Nicholas Turk-Browne

Nick Turk-Browne
Professor
320 Peretsman Scully Hall
Ph.D., Yale University
Curriculum Vitæ (202.27 KB)
Summary

The goal of cognitive psychology and neuroscience is to understand the mind and brain, and in practice this means studying specific components of cognition, such as attention, perception, learning, and memory. Often, though, these components are studied in isolation, and we risk missing the forest for the trees. The overarching theme of our research is that cognitive processes are inherently interactive, and that exploring their behavioral and neural interactions can be an especially effective way to understand how they work. This philosophy has led us in several directions; here are three examples:

Statistical Learning — Our world is largely stable: we repeatedly encounter the same people, places, and things, and over time these objects tend to show up in the same environments and in predictable sequences. Statistical learning involves the automatic and incidental detection and representation of these regularities. For example, we effortlessly learn the locations of objects in a room, the boundaries between words in a language, and the sequence of landmarks on the way home. Using behavioral, fMRI, computational, and patient studies, we have made progress in understanding how statistical learning works, how it is supported in the brain, and how it influences other cognitive processes.

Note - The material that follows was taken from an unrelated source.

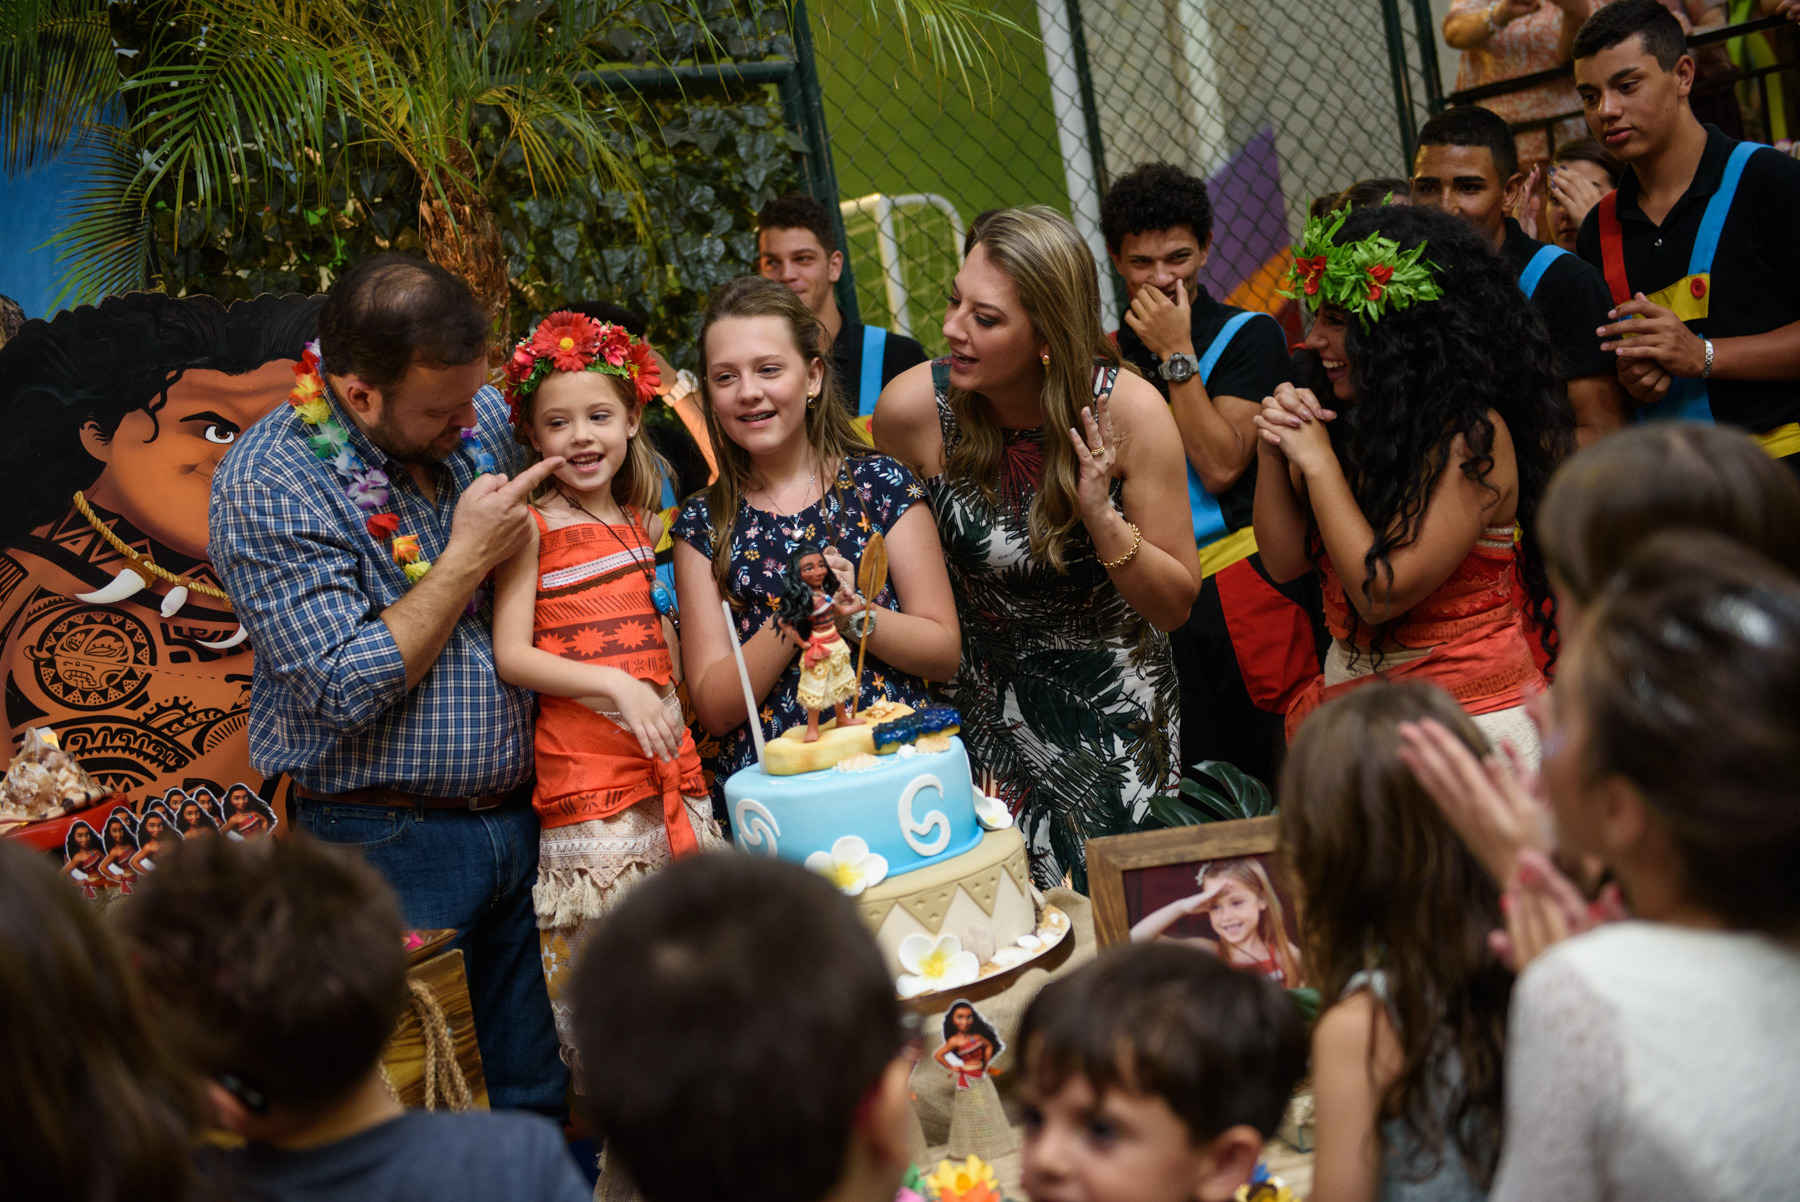 016_fotografia-aniversario-infantil-moana-curitiba-buffet-brigadeiro-guswanderley.jpg

Repetition Attenuation — Statistical learning is a fairly complex type of learning that develops over time. We have also studied other forms of learning and memory, including perhaps the most basic and immediate type of learning: neural changes that occur from a single perceptual experience. This learning is reflected in repetition attenuation: the fact that the brain habituates and responds less to repeated things than to novel things (also known as repetition suppression or fMRI-adaptation). We have explored repetition attenuation as an important neural consequence of the interaction between perception and memory, and have exploited it to understand the nature of visual representations, as well as how these representations compete to be processed.

Background Fluctuations — Beyond examining specific phenomena like statistical learning and repetition attenuation, insights about cognition might be gleaned from studying spontaneous fluctuations in brain activity that occur in the background of ongoing tasks. Consider an analogy from cosmology: only by removing the bright light from stars and galaxies can faint cosmic background radiation be detected in space, but studying this radiation revolutionized our understanding of the origins of the universe. With more modest goals, we have used background brain states to identify functional circuits in the brain that support attention and learning, to predict variations in behavior that are otherwise hard to explain, and to improve cognitive abilities via neurofeedback.

Other research in our lab, treating the mind and brain as integrated systems, explores topics as varied as prediction, action, drawing, and forgetting.

Representative Publications

deBettencourt, M. T., Cohen, J. D., Lee, R. F., Norman, K. A., & Turk-Browne, N. B. (2015). Closed-loop training of attention with real-time brain imaging. Nature Neuroscience, 18, 470-475.

Kim, G., Lewis-Peacock, J. A., Norman, K. A., & Turk-Browne, N. B. (2014). Pruning of memories by context-based prediction error. Proceedings of the National Academy of Sciences, 111, 8997-9002.

Schapiro, A. C., Gregory, E., Landau, B., McCloskey, M., & Turk-Browne, N. B. (2014). The necessity of the medial temporal lobe for statistical learning. Journal of Cognitive Neuroscience, 26, 1736-1747.

Turk-Browne, N. B. (2013). Functional interactions as big data in the human brain. Science, 342, 580-584.

Shohamy, D., & Turk-Browne, N.B. (2013). Mechanisms for widespread hippocampal involvement in cognition. Journal of Experimental Psychology: General, 142, 1159-1170.